In the next step of the process the disc is removed from the alcohol bath and immersed in water to remove the alcohol reaction product. At this point in time most of the magnetic coating will have been removed from the disc. After removal from the water, the remaining coating is readily mechanically removed using a soft brush or water spray.

The disc is then immersed in distilled water to remove any salts which could cause spotting of the disc, and finally dried using, for example, a hot air blower. These operations remove the iron oxide coating and binder without affecting the aluminum substrate and, therefore, provide a substrate suitable for recoating.

The above-mentioned and other features and objects of this invention will become more apparent by reference to the following description taken in conjunction with the accompanying drawings, in which:

FIG. 1 is a flow diagram of the process used in removing magnetic coatings from computer memory discs;

FIG. 2 is a cross-sectional view illustrating the tank for immersing discs in the sulphuric acid-glycerine bath showing the discs and manner of applying the electrical potential thereto; and

FIG. 3 is a cross-sectional view of a mechanism for maintaining the disc in the tank of FIG. 2.

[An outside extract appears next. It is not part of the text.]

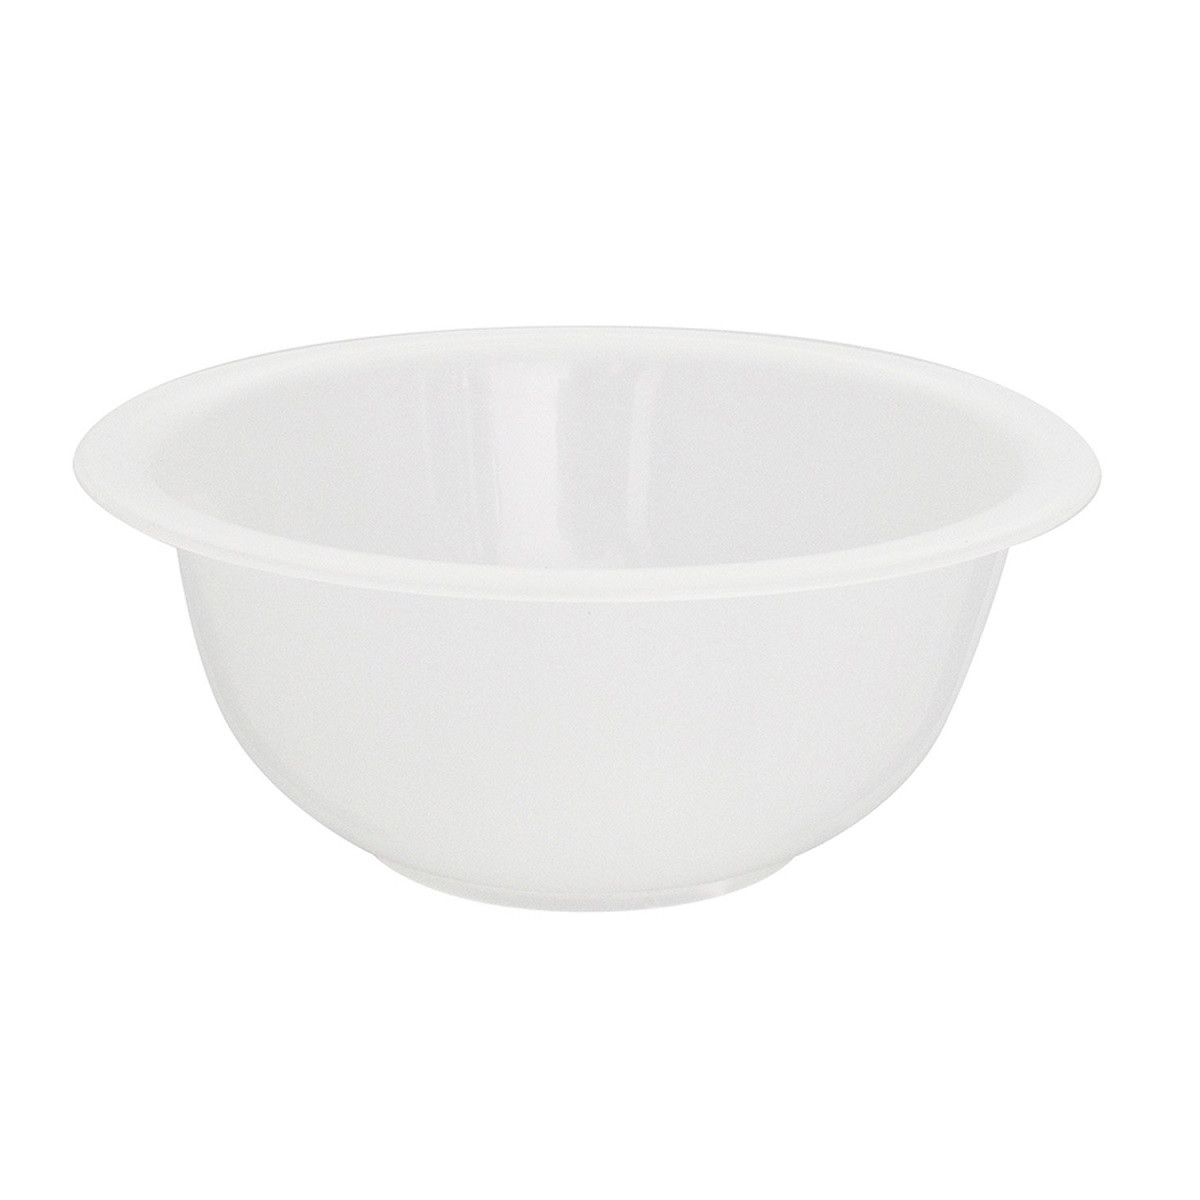 Frying bowl plastic, 28 cm.

Referring now to FIG. 1 of the drawings, there is illustrated thereby the process for removal of magnetic coatings from computer memory discs. The process is carried out by providing a coated magnetic disc (FIG. 1, step 1) from which the magnetic coating, generally comprising an iron oxide plus organic or plastic or resin binder, is to be removed. In step two of the process the disc is immersed in a sulphuric acid-glycerine bath. The glycerine acts as a wetting agent. An electric potential is applied in this bath (step 3). The equipment for providing the sulphuric acid-glycerine bath and generating the electric potential therein is illustrated in FIG. 2 of the drawings.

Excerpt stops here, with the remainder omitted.